Professional Obligations and Your Family
Dec 1st, 2008 by terry
The president of a worthy non-profit organization who works hard to improve lives in a third world country feels overwhelmed by her travel schedule and the 200 e-mails that she receives daily. When we met, I inquired about her family–two children, a 13-year old girl and a 15-year old boy. Her husband travels too and occasionally their trips overlap. She is an accomplished, committed person and I presume that her children and husband are enormously proud of her and her work. I asked if she lived in a community that backs her up. Even the question confused her a bit-a community backing her up? She said that she went to graduate school in the area, and knows a lot of people, but wouldn’t call it a community.
The tragedy of this situation is that there are people who need each other but there is no broad-scale way for them to find each other. The need to feel needed is fundamental to our well being. The young professional husband and wife could do their jobs more easily if an available adult, whom everyone liked and trusted, was around when they traveled.
Everyone, from rich to poor, needs to feel connected. A friend living in a very posh Chicago suburb reports that she was the only at-home parent in her entire cul-de-sac. Ferris Buehler’s Day Off poignantly illustrates the isolation and loneliness that privileged children experience. I have to believe that there are trustworthy, interesting adults who would welcome the opportunity to participate in a child’s life.
Children, teenagers especially, aren’t going to cotton to just anyone. Gathering community-by-community, month-after-month is the way to grease the social gears. As people get to know each other, they will establish areas of common interest, see each other in safe settings over time, and gradually learn whom to trust. Alliances will naturally form. Discovering who has what you need to get, and who needs what you have to give, can lead to richer, more satisfying lives.

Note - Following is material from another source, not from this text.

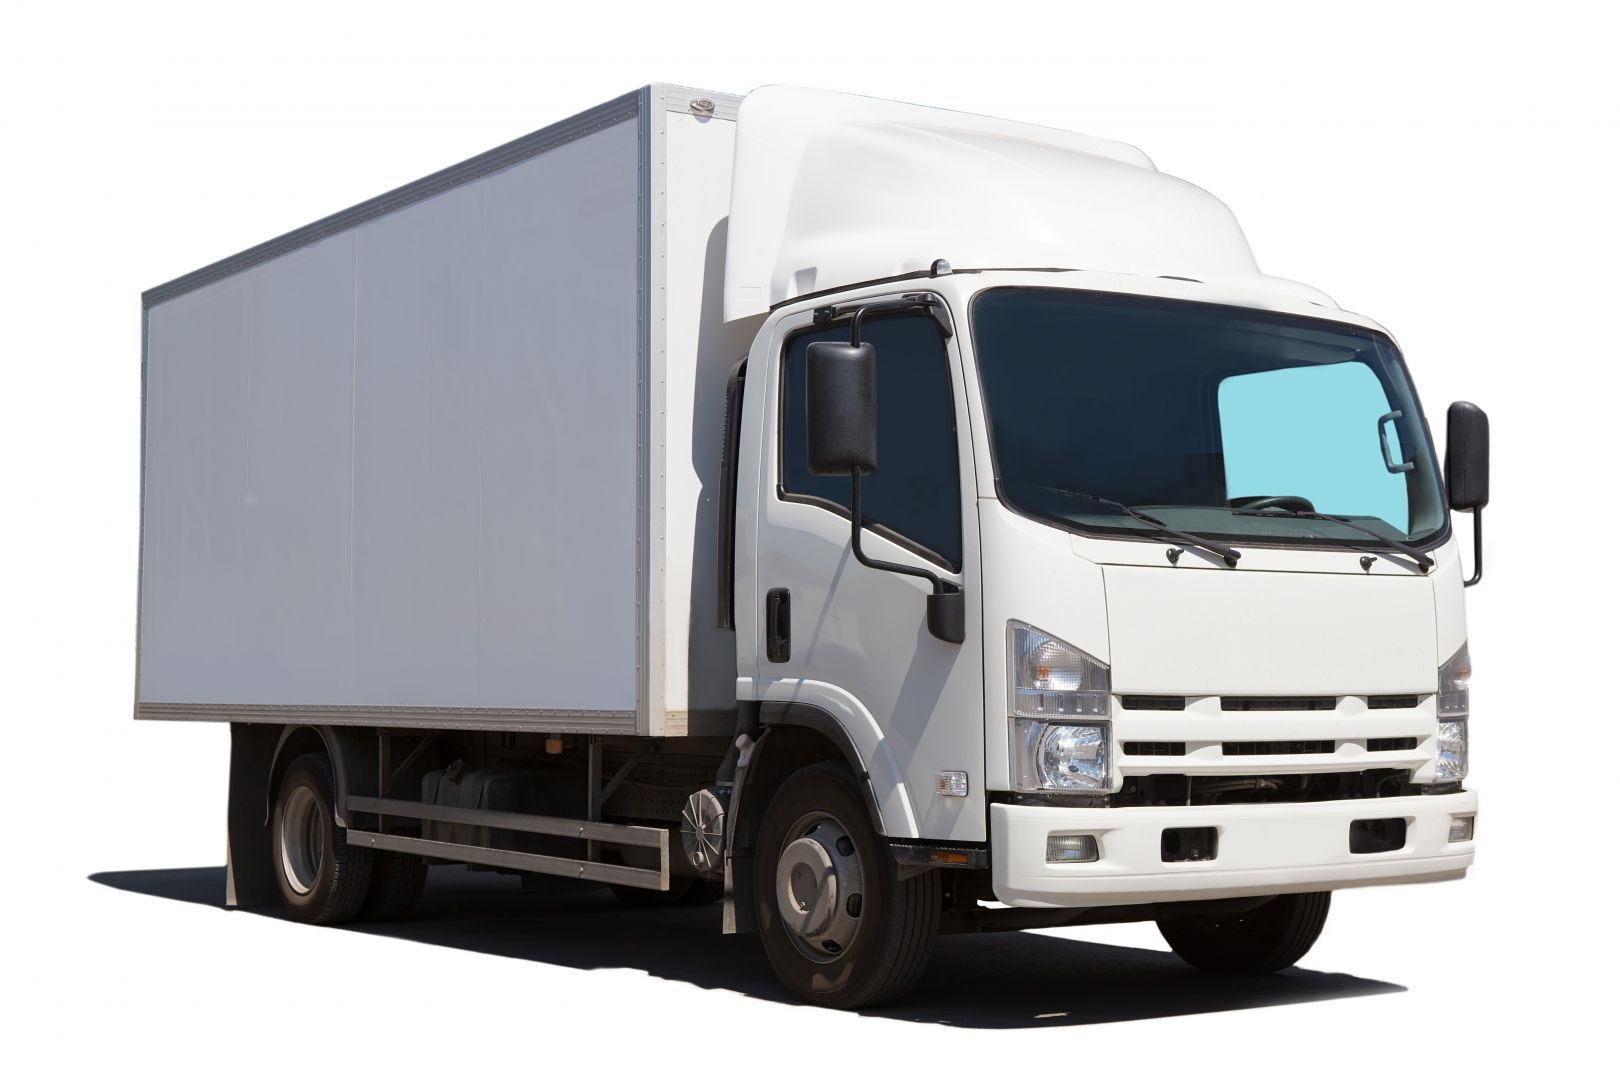 Poptávka na stará plachta na kamion nebo nákladní vůz (Plachty) - Praha

New Community Vision’s goal is to facilitate gatherings community-by-community, month-after-month, throughout the country, to brainstorm for solutions to our universal problems of child care, elder care, housing, transportation, jobs and social isolation.

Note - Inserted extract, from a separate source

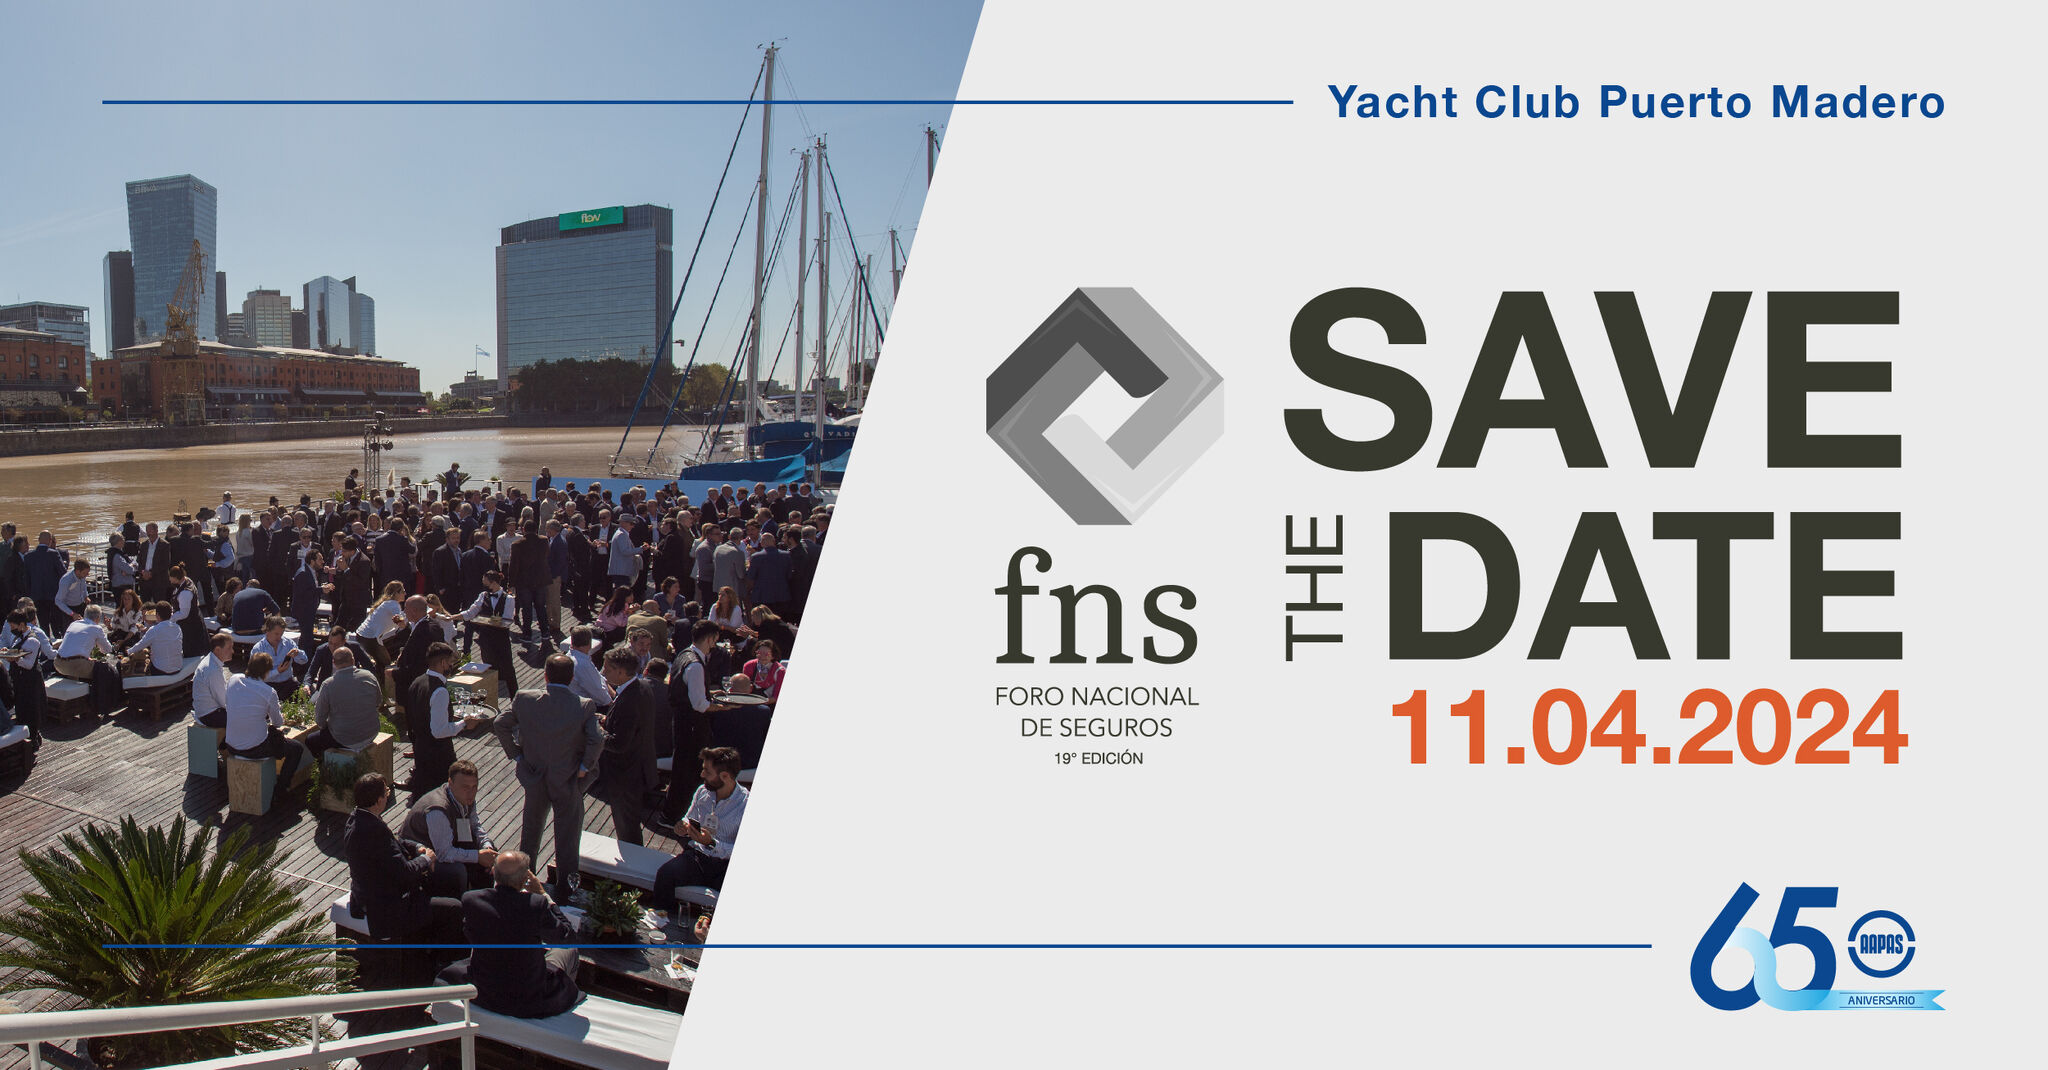 Se llevará a cabo el 11 de abril de 2024 en el Yacht Club Puerto Madero

If you long to live in a friendly, supportive, cooperative community, please contact Terry Edlin to get your neighborhood cooking with regular gatherings.

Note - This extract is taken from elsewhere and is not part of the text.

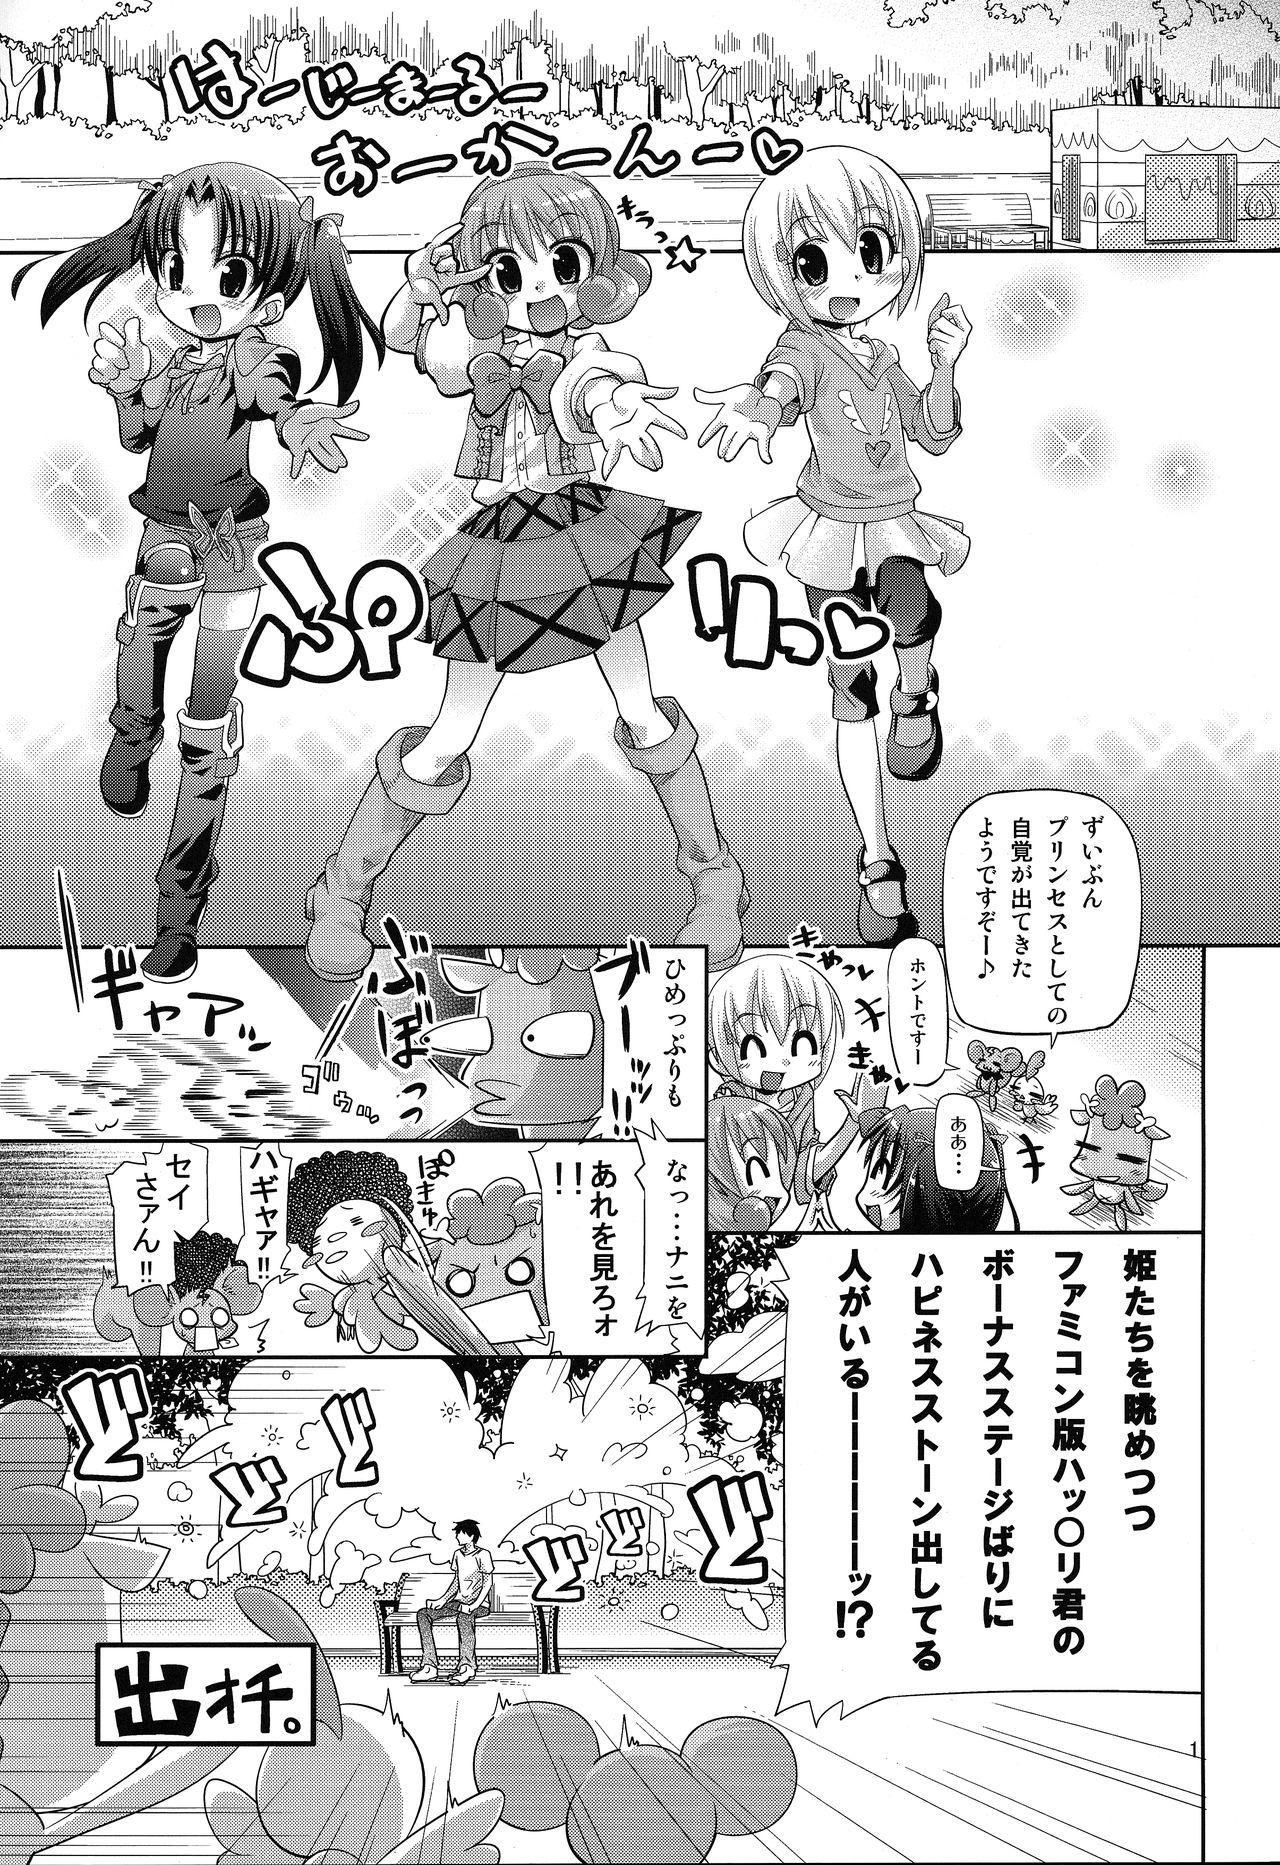 Trio 無限ハピネストーン増殖withoutひめチェン - Hime chen otogi chikku idol lilpri Salope - Page 2

I too am mother with a demanding career that causes me to travel from time to time. My husband travels even more than I do. What has given our daughter, and more importantly her parents, greater comfort is that we live in a cohousing community–where we have our own home, but are surrounded by neighbors we know well. I feel totally comfortable telling my daughter that if she can’t get ahold of either of her parents, she can go to ANY OF HER 34 COHOUSING NEIGHBOR households to ask for help. It is a wonderful feeling for a parent to know that your kids are surrounded by people that care about them and will be there in times of need.
Katie, it is wonderful to hear that you live in a cohousing community that supports your family and busy lifestyle. Cohousing is an excellent solution to this thorny, common problem.
Prairie Onion Cohousing, here in Chicago, has been meeting for several years. They will probably get their development off the ground next year. The work of a wonderful group of people will finally pay off soon.